Copy the submission script for the cluster you use into every folder and submit the calculations


## Adapting the training set

For now we copy a dummy-QMout file from the Initial training set generation into every QM-folder for demonstration.
Note that units are all given in a.u. and that the geometries need to be saved in a.u. as well

In [13]:
for i in range(len(geoms)):
    os.system("cp ../1_TrainingSet/InitialConditions/ICOND_00001/QM.out QM/Geom_%05d/"%i)


## Read QMout

In [17]:
#iterating over all files
nfiles = len(geoms)
#define number of states
ntriplets = 0
nsinglets = 2
nstates = nsinglets + 3 * ntriplets

#define number of atoms
natoms = 12
#number of nacs
nnacs = int(nsinglets*(nsinglets-1)/2) + int(ntriplets*(ntriplets-1)/2)
#number of dipole moment values
ndipoles = int(nsinglets+ntriplets+nnacs)

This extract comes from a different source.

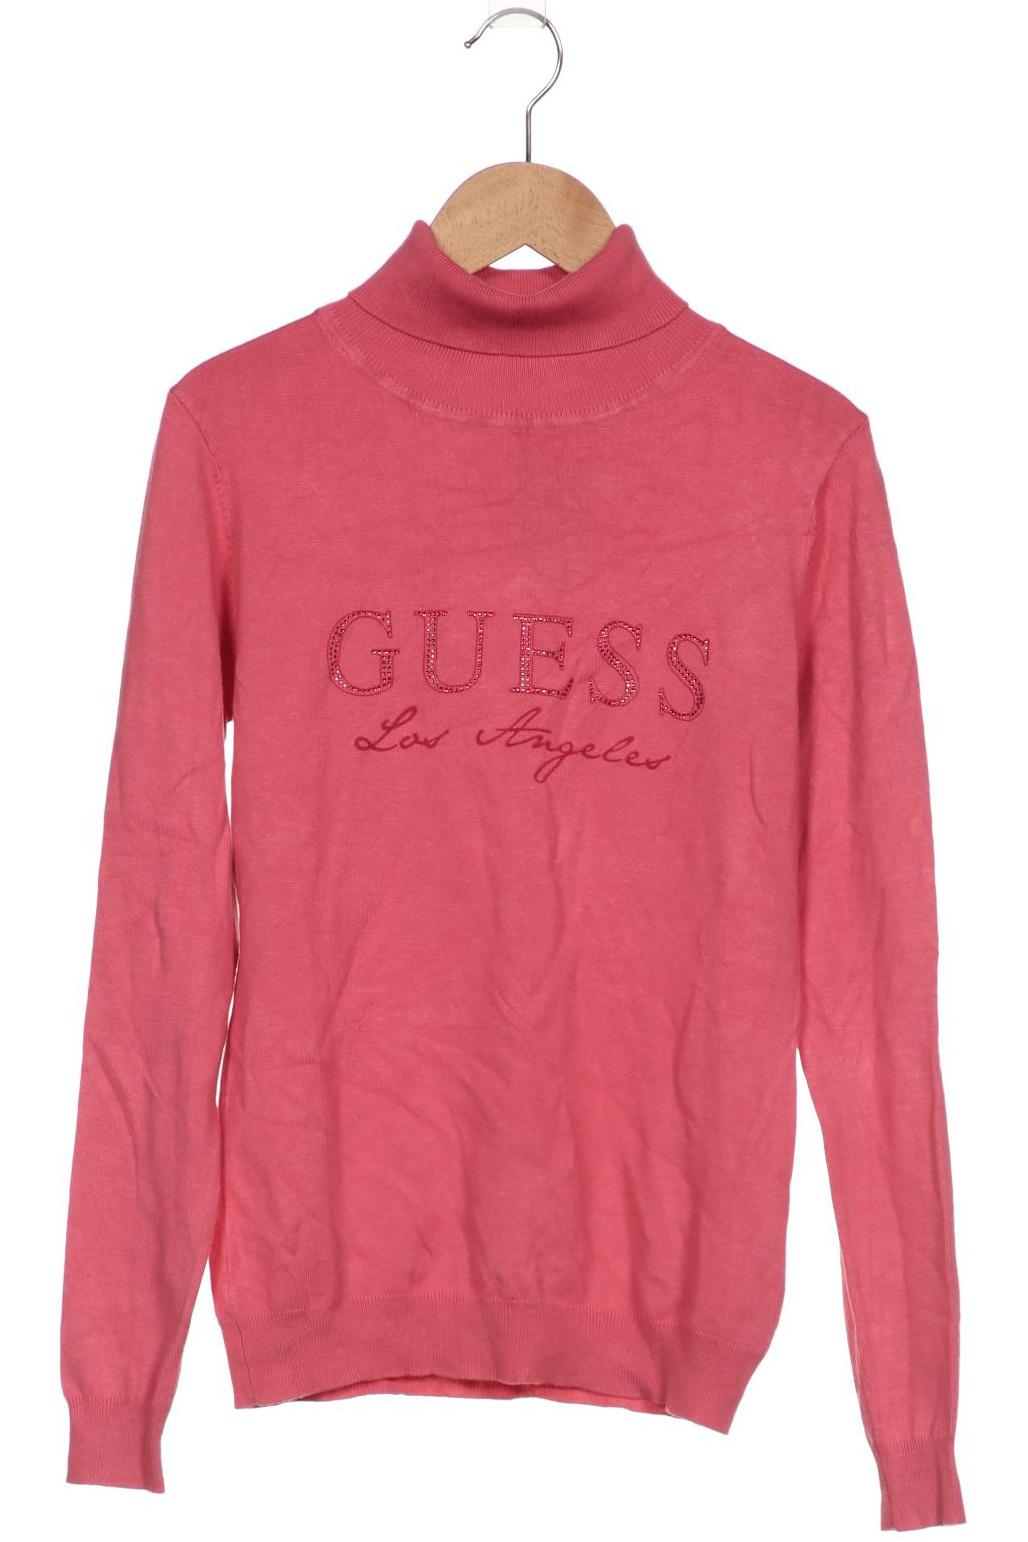 Guess Damen Pullover, pink, Gr. 6 von Guess

#for conversion of atoms into bohr
from ase.units import Bohr

#data dictionary for updating the data base
data = {}

filename="./QM/Geom_00000/QM.out"
#we don't have spin-orbit couplings
socs=False
#read properties
data=read_QMout(filename,natoms,socs,nsinglets,ntriplets,0.5)
atoms = ase.io.read("TRAJ_1/output.xyz","-1")
#convert to bohr
from ase.units import Bohr
atoms = ase.atoms.Atoms(atoms.get_atomic_numbers(),atoms.get_positions()/Bohr)




### Add data to the data base

In [28]:
# load the old data base
from ase.db import connect
old_db = connect("../DBs/Fulvene.db")
for i in range(len(data)):
    old_db.write(atoms[i],data=data[i])

In [31]:
print("We have added",len(atoms), "data points to the data set and now have a total number of",len(old_db), "data points.")

We have added 20 data points to the data set and now have a total number of 120 data points.


Now retrain the models and redo the sampling until the training set is large enough.
For fulvene and the 40 fs we compute, the training set is large enough.

If you want to make production runs and use a second model to compare the energies, but not to compute forces or hessians, then use " --emodel2 PATH/ " instead of "--adaptive --modelpaths PATH".
The threshold is set to 1 eV per default. You can change the threshold via "--thresholds 1 1 1 1 1". (thresholds are always given for every possible property).